船舶燃料の2020年規制で
新たな温暖化のリスクが浮上
国際海事機関が2020年までに対応を求めている船舶燃料に対する環境規制が、温暖化対策にはむしろマイナスに働くかもしれない。船舶が排出する硫黄が、意図しない地球工学の実験だった可能性があるからだ。 by James Temple2018.02.14
船舶は年間何十億トンもの二酸化炭素を吐き出しているにも関わらず、実は地球を冷却する影響を与えていることが研究によってわかっている。その主な理由は、船舶が二酸化炭素以外に硫黄を排出するからだ。硫黄は大気中で太陽光を散乱させ、さらに雲を作ったり厚くしたりして太陽光を反射させている。
海運産業は意図していたわけではないが、事実上、1世紀以上にわたって気候工学の実験を実施してきたことになる。他の調査をまとめた2009年の研究によって計算された平均「強制効果」に基づくと、世界の平均気温は0.25℃低くなった可能性がある(「気候変動の最終手段 「地球工学」の使用を 誰が決断するのか?」参照)。
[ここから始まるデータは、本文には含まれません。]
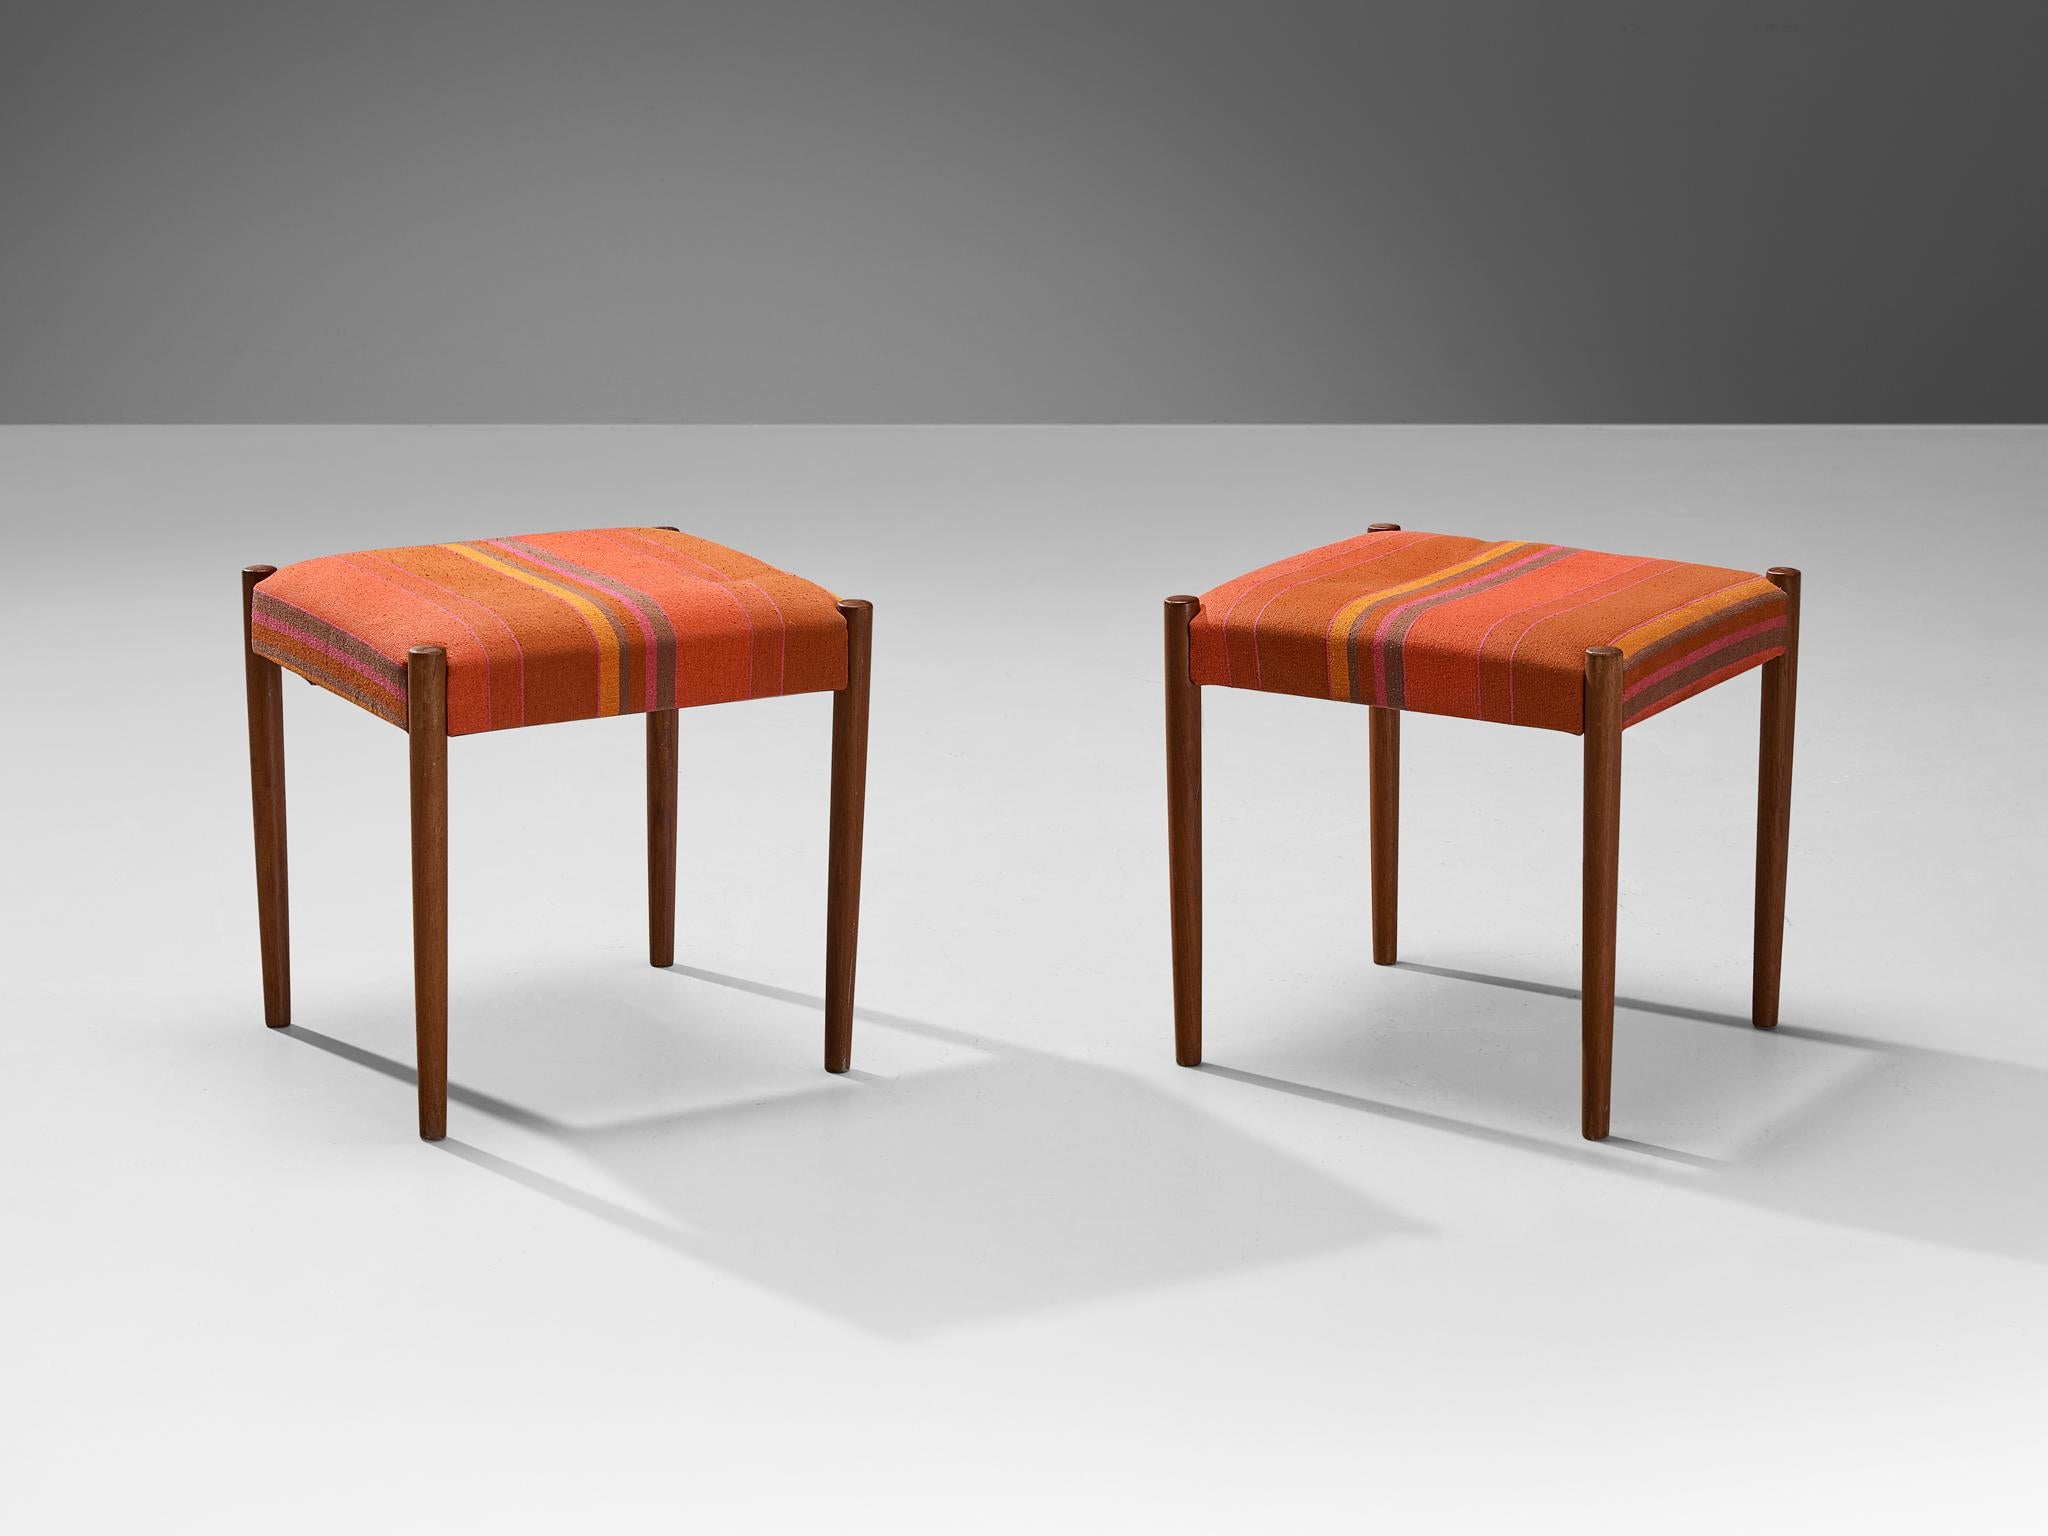 Pair of stools or ottomans, teak, fabric, Denmark, 1960s

Elegant in line and practical to use, these stools are exemplary for Mid-Century Scandinavian Design. The teak framework is comprised of four round legs that slightly narrow towards the

気温上昇を2℃以内に抑えようと奮闘している世界にとって、大きな救いの手だ。
だが、われわれはこの実験に終止符を打とうとしている。
国連の国際海事機関(IMO)は2016年の発表で、国際海運船は2020年までに硫黄汚染を大幅に削減しなければならないと定めた。具体的には、船舶の所有者は硫黄含有量が現在の3.5%から0.5%以下の燃料に切り替えるか、同等の削減効果を持つ排気浄化システムを装備しなければならないと、シェル(Shell)が顧客に向けたパンフレットには記載されている。
硫黄の削減にはもっともな理由がある。硫黄はオゾン層破壊と酸性雨の一因となり、呼吸器疾患を引き起こしたり悪化させたりする可能性がある。
だが、「環境科学とテクノロジー」誌の2009年の論文が指摘するように、硫黄排出量を制限することは、もろ刃の剣だ。「これらの削減を行えば、海運は現状に比べて『二酸化炭素によるもの』と『二酸化硫黄の削減によるもの』の二重の温暖化効果をもたらすことになる。したがって、数十年後に海運が気候に与える影響は、実質的に冷却から温暖化に変わるだろう」と著者らは記した。